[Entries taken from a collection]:

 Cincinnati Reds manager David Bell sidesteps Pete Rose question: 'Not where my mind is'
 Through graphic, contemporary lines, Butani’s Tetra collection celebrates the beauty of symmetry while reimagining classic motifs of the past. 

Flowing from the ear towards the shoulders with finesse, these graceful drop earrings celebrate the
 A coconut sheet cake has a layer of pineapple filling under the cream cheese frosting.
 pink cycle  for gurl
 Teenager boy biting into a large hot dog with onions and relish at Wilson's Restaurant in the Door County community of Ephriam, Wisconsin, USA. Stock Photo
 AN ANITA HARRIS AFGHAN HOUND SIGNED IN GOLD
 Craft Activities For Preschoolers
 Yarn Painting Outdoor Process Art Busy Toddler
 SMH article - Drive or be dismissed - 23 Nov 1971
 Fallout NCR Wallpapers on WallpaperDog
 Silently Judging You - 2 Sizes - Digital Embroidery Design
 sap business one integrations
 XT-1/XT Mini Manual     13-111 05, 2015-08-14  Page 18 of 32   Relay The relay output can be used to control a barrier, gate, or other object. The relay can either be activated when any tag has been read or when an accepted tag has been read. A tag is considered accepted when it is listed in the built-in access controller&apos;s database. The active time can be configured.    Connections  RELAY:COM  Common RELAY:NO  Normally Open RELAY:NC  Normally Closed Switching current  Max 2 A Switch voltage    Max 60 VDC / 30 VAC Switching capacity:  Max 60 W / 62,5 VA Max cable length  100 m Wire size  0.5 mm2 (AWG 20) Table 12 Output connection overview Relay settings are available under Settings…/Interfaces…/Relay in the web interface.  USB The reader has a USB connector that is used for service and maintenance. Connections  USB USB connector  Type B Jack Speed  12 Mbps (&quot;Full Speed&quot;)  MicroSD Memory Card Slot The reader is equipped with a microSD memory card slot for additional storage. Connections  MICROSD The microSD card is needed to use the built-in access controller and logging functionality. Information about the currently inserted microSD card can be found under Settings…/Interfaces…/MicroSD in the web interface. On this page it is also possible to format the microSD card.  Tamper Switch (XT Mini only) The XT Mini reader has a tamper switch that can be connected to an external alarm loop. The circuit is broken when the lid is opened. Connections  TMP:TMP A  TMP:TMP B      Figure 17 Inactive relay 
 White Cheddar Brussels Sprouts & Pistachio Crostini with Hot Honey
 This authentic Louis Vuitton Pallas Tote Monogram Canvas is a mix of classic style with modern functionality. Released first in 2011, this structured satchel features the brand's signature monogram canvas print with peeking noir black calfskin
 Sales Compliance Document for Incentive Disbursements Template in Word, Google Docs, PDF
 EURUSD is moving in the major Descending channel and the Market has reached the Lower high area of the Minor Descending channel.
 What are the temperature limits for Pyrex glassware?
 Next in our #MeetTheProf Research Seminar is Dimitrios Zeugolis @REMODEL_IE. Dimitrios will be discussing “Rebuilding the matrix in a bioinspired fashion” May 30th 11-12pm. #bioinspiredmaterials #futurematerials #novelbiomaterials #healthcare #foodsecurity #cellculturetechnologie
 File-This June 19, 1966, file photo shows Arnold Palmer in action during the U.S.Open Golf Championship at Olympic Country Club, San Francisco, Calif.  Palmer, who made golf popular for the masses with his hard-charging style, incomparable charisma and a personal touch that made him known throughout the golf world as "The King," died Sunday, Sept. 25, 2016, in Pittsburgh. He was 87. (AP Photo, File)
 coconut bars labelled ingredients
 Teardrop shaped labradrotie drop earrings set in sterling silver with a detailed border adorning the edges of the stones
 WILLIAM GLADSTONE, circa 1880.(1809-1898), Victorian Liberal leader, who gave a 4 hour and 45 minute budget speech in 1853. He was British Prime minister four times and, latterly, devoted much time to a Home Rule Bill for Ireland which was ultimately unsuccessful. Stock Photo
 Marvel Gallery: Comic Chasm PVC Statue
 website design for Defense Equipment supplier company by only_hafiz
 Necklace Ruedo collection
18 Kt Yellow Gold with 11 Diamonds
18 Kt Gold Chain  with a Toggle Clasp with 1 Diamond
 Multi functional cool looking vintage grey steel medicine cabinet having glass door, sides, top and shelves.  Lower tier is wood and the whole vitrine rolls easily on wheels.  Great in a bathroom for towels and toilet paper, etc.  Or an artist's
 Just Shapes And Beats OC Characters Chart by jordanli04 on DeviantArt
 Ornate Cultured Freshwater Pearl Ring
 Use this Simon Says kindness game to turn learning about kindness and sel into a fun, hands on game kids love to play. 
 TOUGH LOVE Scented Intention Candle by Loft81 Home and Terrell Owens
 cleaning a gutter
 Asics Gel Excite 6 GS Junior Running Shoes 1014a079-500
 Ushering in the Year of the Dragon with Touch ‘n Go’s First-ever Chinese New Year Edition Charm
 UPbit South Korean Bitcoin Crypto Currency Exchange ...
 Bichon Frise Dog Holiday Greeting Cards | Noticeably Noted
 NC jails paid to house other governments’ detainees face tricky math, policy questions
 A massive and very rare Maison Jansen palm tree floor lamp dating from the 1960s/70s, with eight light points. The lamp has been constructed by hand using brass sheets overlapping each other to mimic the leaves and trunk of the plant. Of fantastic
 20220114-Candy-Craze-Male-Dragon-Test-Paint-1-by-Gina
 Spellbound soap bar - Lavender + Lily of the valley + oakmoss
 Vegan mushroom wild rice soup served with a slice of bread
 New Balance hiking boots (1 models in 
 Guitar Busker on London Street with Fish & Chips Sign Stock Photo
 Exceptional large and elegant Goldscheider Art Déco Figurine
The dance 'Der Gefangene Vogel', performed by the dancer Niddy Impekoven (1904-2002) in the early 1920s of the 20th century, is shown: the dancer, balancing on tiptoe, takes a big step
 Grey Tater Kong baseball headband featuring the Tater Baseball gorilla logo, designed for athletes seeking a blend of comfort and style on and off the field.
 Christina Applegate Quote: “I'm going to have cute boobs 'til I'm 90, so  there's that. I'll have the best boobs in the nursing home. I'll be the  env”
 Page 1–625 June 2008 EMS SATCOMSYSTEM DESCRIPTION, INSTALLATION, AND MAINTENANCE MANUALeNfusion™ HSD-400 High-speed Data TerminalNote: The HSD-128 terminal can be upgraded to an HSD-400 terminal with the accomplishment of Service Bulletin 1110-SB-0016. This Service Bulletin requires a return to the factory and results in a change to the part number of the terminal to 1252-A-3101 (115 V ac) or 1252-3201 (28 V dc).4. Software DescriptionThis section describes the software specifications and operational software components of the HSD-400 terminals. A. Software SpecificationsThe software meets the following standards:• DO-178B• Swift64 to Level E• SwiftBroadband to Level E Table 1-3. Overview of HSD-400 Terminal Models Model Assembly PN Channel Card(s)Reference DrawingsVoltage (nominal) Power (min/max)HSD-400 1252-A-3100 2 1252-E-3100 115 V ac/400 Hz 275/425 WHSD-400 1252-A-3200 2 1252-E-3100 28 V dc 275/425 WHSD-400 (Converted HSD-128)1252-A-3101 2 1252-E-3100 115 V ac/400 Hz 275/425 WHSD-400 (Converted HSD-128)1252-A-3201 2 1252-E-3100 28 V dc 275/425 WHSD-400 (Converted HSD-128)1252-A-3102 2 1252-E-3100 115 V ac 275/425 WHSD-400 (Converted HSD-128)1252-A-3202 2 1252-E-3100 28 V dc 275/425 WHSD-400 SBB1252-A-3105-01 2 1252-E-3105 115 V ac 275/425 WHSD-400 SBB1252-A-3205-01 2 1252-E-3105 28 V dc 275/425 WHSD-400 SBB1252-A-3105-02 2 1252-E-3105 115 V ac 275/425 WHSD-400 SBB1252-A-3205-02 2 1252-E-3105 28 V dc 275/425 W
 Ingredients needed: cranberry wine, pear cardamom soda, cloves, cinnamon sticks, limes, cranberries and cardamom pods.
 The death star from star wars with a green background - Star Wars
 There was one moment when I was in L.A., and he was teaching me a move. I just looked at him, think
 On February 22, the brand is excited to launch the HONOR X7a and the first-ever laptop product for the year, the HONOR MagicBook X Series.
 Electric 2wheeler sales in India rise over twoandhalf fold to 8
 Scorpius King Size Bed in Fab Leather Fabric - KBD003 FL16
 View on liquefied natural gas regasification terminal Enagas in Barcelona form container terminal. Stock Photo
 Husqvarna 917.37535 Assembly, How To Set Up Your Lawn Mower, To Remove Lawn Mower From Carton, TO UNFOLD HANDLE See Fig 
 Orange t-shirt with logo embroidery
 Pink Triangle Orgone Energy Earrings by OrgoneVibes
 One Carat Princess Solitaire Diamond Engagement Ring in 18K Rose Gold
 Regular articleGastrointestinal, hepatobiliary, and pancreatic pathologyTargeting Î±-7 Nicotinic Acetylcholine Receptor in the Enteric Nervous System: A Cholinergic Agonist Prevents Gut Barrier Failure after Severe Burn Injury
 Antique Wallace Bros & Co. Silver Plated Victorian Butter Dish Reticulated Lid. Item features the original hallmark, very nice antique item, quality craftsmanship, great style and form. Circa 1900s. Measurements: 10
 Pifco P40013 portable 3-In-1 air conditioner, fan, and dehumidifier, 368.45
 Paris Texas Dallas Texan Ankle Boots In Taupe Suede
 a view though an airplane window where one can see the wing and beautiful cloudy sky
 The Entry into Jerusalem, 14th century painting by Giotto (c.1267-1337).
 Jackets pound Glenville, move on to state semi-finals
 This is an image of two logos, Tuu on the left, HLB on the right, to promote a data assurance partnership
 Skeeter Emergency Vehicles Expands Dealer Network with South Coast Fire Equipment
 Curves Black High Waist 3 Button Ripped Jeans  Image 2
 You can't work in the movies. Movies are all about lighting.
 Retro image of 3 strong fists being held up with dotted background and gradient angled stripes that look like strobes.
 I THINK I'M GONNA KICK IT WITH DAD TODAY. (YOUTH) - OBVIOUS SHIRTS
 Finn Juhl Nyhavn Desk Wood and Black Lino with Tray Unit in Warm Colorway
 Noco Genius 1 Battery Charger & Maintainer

[Required action]: Go through the entries and filter for lines holding the word "background"; copy each match.

[Response to the exercise]:
 The death star from star wars with a green background - Star Wars
 Retro image of 3 strong fists being held up with dotted background and gradient angled stripes that look like strobes.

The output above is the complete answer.